Cloudera Hadoop impala architecture is very different compared to other database engine on HDFS like Hive. The Impala server is a distributed, massively parallel processing (MPP) database engine.
The architecture is similar to the other distributed databases like Netezza, Greenplum etc. Hadoop impala consists of different daemon processes that run on specific hosts within your CDH cluster.
Read:
- Sqoop Architecture
- Sqoop Import
- Sqoop Export
- Netezza and Hadoop Integration
- Hadoop HDFS Architecture Introduction and Design
Cloudera Hadoop Impala Architecture Overview
The Hadoop impala is consists of three components: The Impala Daemon, Impala Statestore and Impala Catalog Services:
The Impala Daemon
Impala Daemon is the important and core component of the Hadoop Impala. This daemon runs on every node in the CDH cluster. This is identified by the impalad process. It reads and writes the data files. It also accepts the queries transmitted from impala-shell command, ODBC, JDBC or Hue.
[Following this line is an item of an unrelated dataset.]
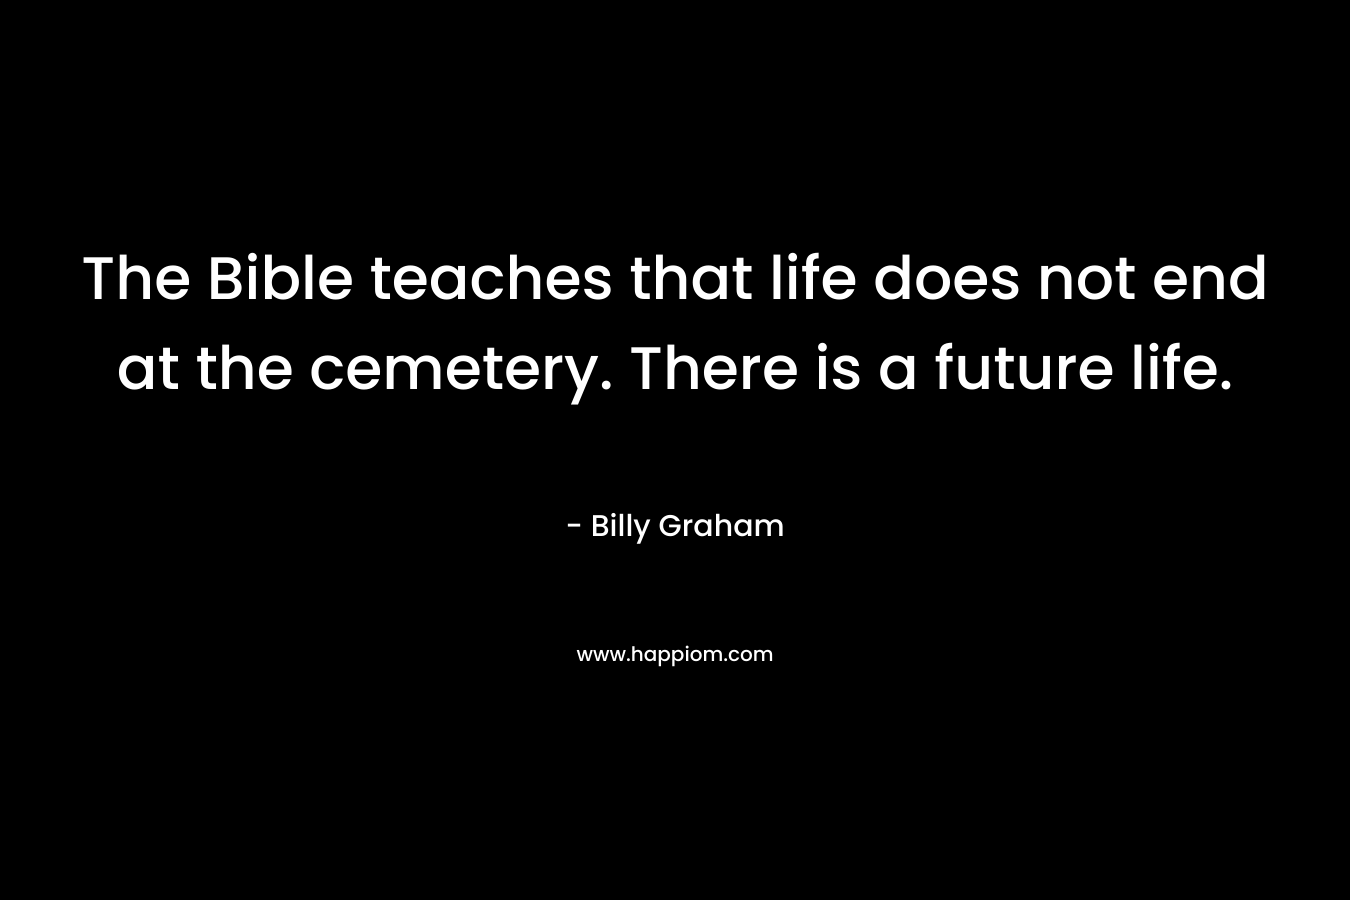 The Bible teaches that life does not end at the cemetery. There is a future life. – Billy Graham

You can connect and submit the query to the Impala Daemon running on any Datanode and that instance of Daemon serves as coordinator. The Daemon which accepts the queries acts as a coordinator, that parallizes the queries and distributes the workload across the Hadoop cluster. It also collects the results back from all nodes.
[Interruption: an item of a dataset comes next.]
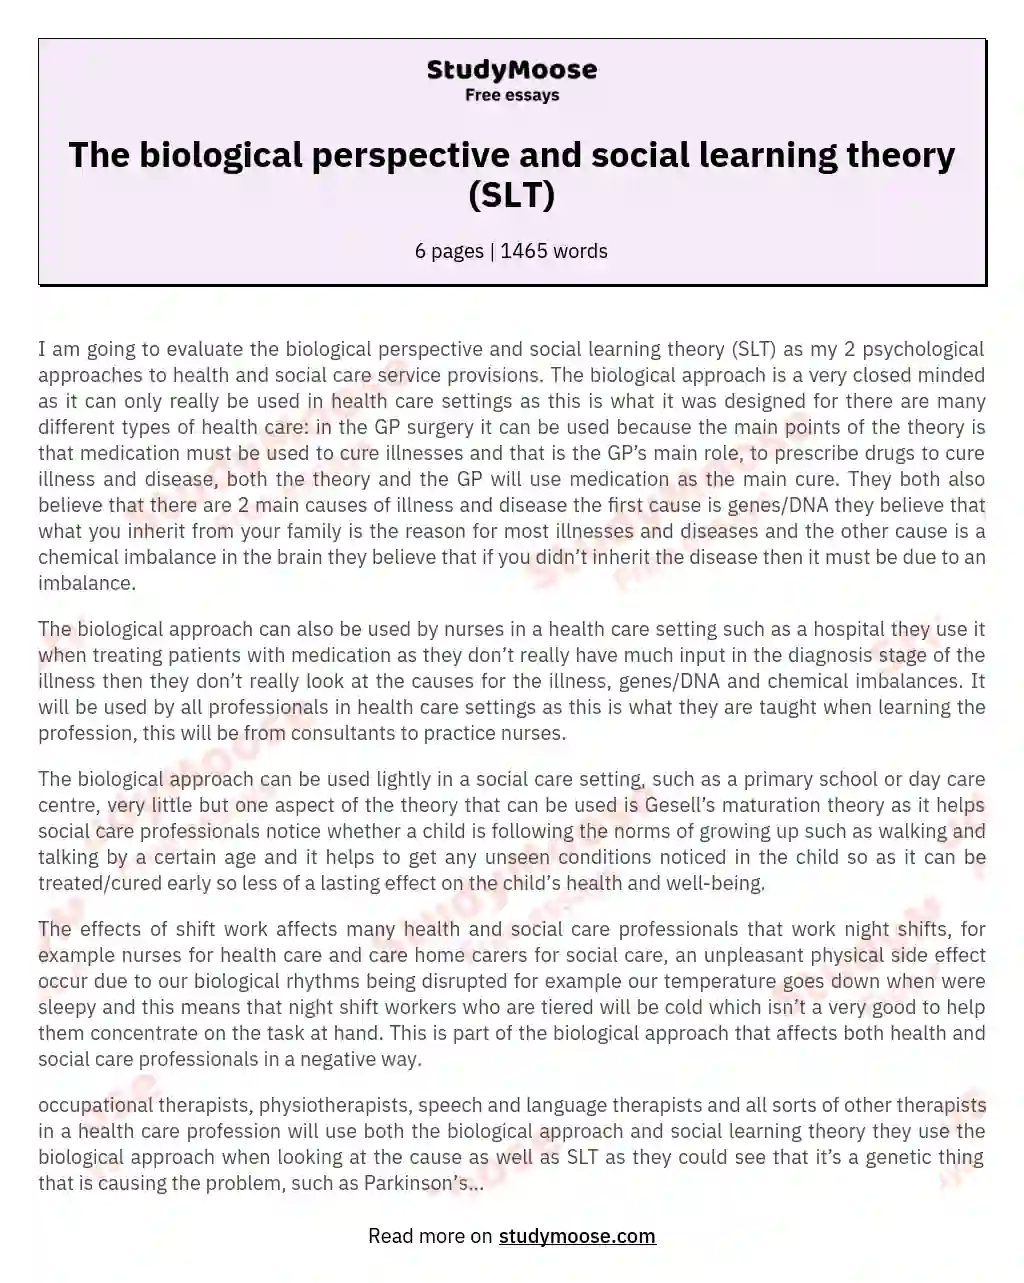 The biological perspective and social learning theory (SLT) essay

Impala Daemon will always be communicating to statestore to confirm which node is healthy and accepts the new work. Each Daemon will also receive the broadcasted message whenever any Impala node in cluster create, alter, drops any object or any statement like insert, load data is processed.
The Impala Statestore
This component checks health of all Impala Daemons on all the datanodes in the Hadoop cluster. It is physically represented by the process statestored. Only one such process is required on one host in the Hadoop cluster.
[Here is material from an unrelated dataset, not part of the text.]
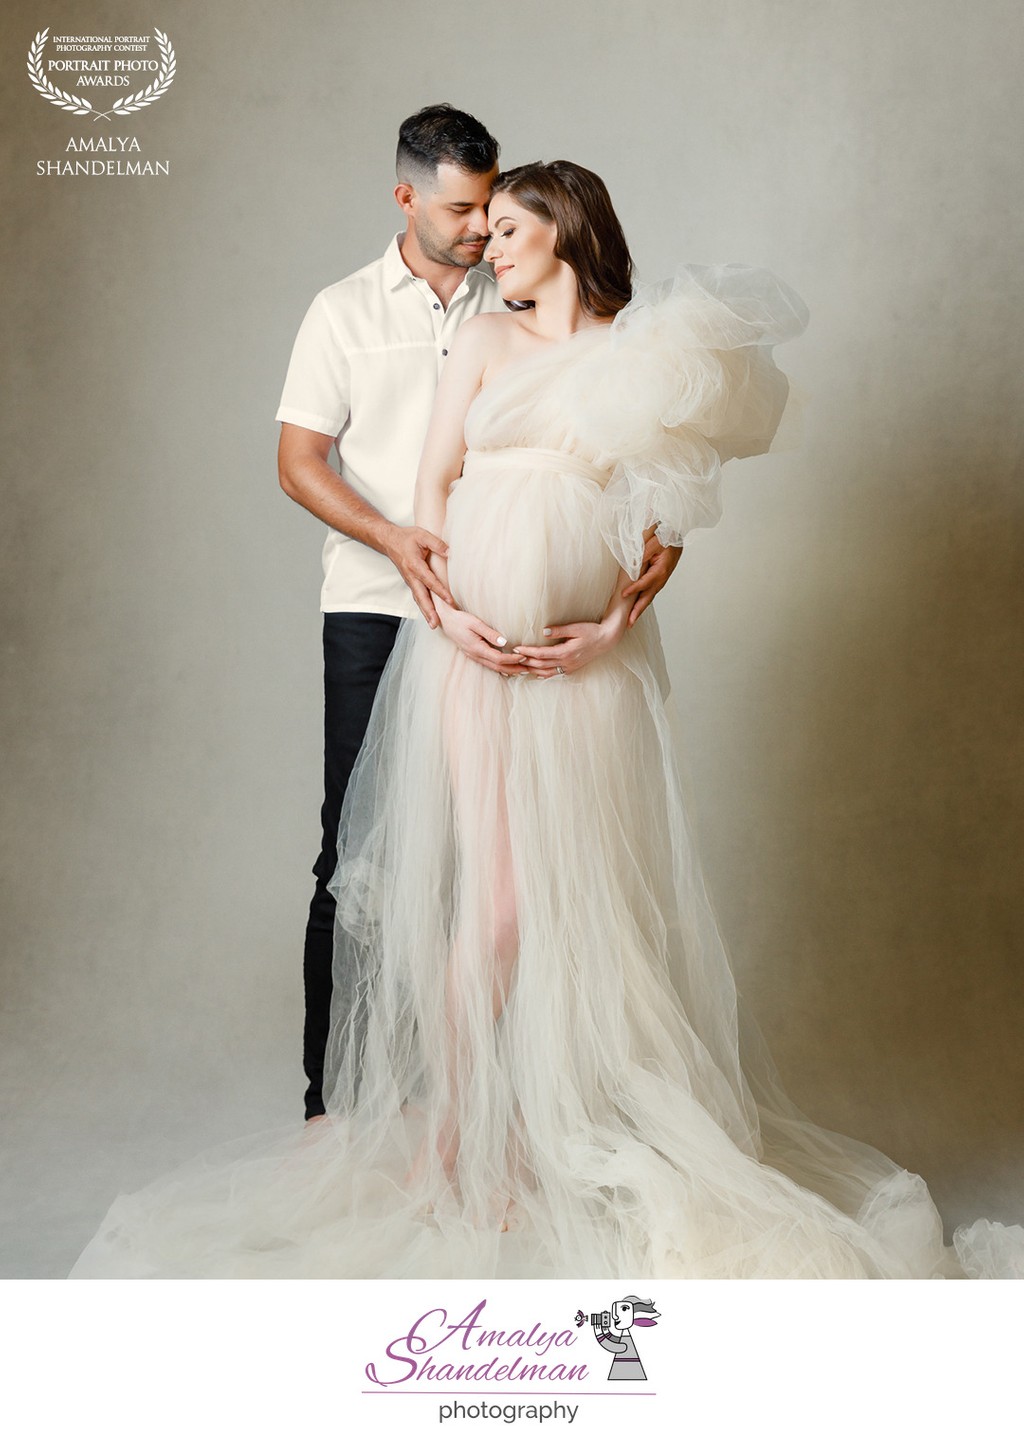 Husband and Wife Maternity Portrait - Capturing the Joy of Expecting Together

If an Impala Daemon goes down, statestore informs all the Impala Daemons so that they can avoid the failed node while distributing future queries.
The impala Catalog Service
This component of the Hadoop Impala tells metadata changes from Impala SQL statements to all the Datanodes in Hadoop cluster. It is physically rhaepresented by Daemon process catalogd. . Only one such process is required on one host in the Hadoop cluster. Usually, statestored and catalogd process will be running on same host as catalog services are passed through statestored.
The catalog service avoids the need to issue REFRESH and INVALIDATE METADATA statements when the metadata changes are performed by statements issued through Impala.